*** PROVIDED DATA ***

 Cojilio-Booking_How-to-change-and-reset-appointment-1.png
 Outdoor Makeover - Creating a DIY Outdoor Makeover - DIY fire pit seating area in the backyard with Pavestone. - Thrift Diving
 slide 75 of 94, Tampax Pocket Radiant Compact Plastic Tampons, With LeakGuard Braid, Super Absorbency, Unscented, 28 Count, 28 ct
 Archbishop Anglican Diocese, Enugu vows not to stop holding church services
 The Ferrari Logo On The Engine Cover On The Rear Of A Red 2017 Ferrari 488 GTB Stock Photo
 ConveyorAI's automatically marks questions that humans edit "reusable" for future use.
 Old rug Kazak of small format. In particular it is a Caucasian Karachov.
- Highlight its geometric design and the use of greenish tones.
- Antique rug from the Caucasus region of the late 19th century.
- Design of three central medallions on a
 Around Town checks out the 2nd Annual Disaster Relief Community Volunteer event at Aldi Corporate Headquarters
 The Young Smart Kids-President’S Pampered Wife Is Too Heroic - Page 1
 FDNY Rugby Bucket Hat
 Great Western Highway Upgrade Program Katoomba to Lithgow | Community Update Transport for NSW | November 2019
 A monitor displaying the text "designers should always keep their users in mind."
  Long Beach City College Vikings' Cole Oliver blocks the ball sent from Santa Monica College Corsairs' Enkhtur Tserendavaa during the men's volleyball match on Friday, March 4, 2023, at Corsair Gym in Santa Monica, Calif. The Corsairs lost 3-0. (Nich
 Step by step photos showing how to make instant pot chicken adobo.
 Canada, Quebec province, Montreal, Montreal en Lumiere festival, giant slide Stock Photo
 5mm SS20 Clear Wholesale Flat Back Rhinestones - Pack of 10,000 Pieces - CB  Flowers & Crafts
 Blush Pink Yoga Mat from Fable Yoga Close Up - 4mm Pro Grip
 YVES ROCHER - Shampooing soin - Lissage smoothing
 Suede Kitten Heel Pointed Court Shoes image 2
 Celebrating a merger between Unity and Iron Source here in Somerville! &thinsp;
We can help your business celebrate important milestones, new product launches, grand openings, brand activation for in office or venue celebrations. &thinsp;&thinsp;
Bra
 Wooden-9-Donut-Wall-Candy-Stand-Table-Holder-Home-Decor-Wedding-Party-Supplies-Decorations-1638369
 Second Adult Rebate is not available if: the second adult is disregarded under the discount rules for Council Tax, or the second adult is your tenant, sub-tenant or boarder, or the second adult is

***

→ WHAT THE TASK ASKS
Print exactly, and only, the lines from the line that contains "Archbishop Anglican Diocese, Enugu" through the last line of the records.

→ WRITTEN RESPONSE
 Archbishop Anglican Diocese, Enugu vows not to stop holding church services
 The Ferrari Logo On The Engine Cover On The Rear Of A Red 2017 Ferrari 488 GTB Stock Photo
 ConveyorAI's automatically marks questions that humans edit "reusable" for future use.
 Old rug Kazak of small format. In particular it is a Caucasian Karachov.
- Highlight its geometric design and the use of greenish tones.
- Antique rug from the Caucasus region of the late 19th century.
- Design of three central medallions on a
 Around Town checks out the 2nd Annual Disaster Relief Community Volunteer event at Aldi Corporate Headquarters
 The Young Smart Kids-President’S Pampered Wife Is Too Heroic - Page 1
 FDNY Rugby Bucket Hat
 Great Western Highway Upgrade Program Katoomba to Lithgow | Community Update Transport for NSW | November 2019
 A monitor displaying the text "designers should always keep their users in mind."
  Long Beach City College Vikings' Cole Oliver blocks the ball sent from Santa Monica College Corsairs' Enkhtur Tserendavaa during the men's volleyball match on Friday, March 4, 2023, at Corsair Gym in Santa Monica, Calif. The Corsairs lost 3-0. (Nich
 Step by step photos showing how to make instant pot chicken adobo.
 Canada, Quebec province, Montreal, Montreal en Lumiere festival, giant slide Stock Photo
 5mm SS20 Clear Wholesale Flat Back Rhinestones - Pack of 10,000 Pieces - CB  Flowers & Crafts
 Blush Pink Yoga Mat from Fable Yoga Close Up - 4mm Pro Grip
 YVES ROCHER - Shampooing soin - Lissage smoothing
 Suede Kitten Heel Pointed Court Shoes image 2
 Celebrating a merger between Unity and Iron Source here in Somerville! &thinsp;
We can help your business celebrate important milestones, new product launches, grand openings, brand activation for in office or venue celebrations. &thinsp;&thinsp;
Bra
 Wooden-9-Donut-Wall-Candy-Stand-Table-Holder-Home-Decor-Wedding-Party-Supplies-Decorations-1638369
 Second Adult Rebate is not available if: the second adult is disregarded under the discount rules for Council Tax, or the second adult is your tenant, sub-tenant or boarder, or the second adult is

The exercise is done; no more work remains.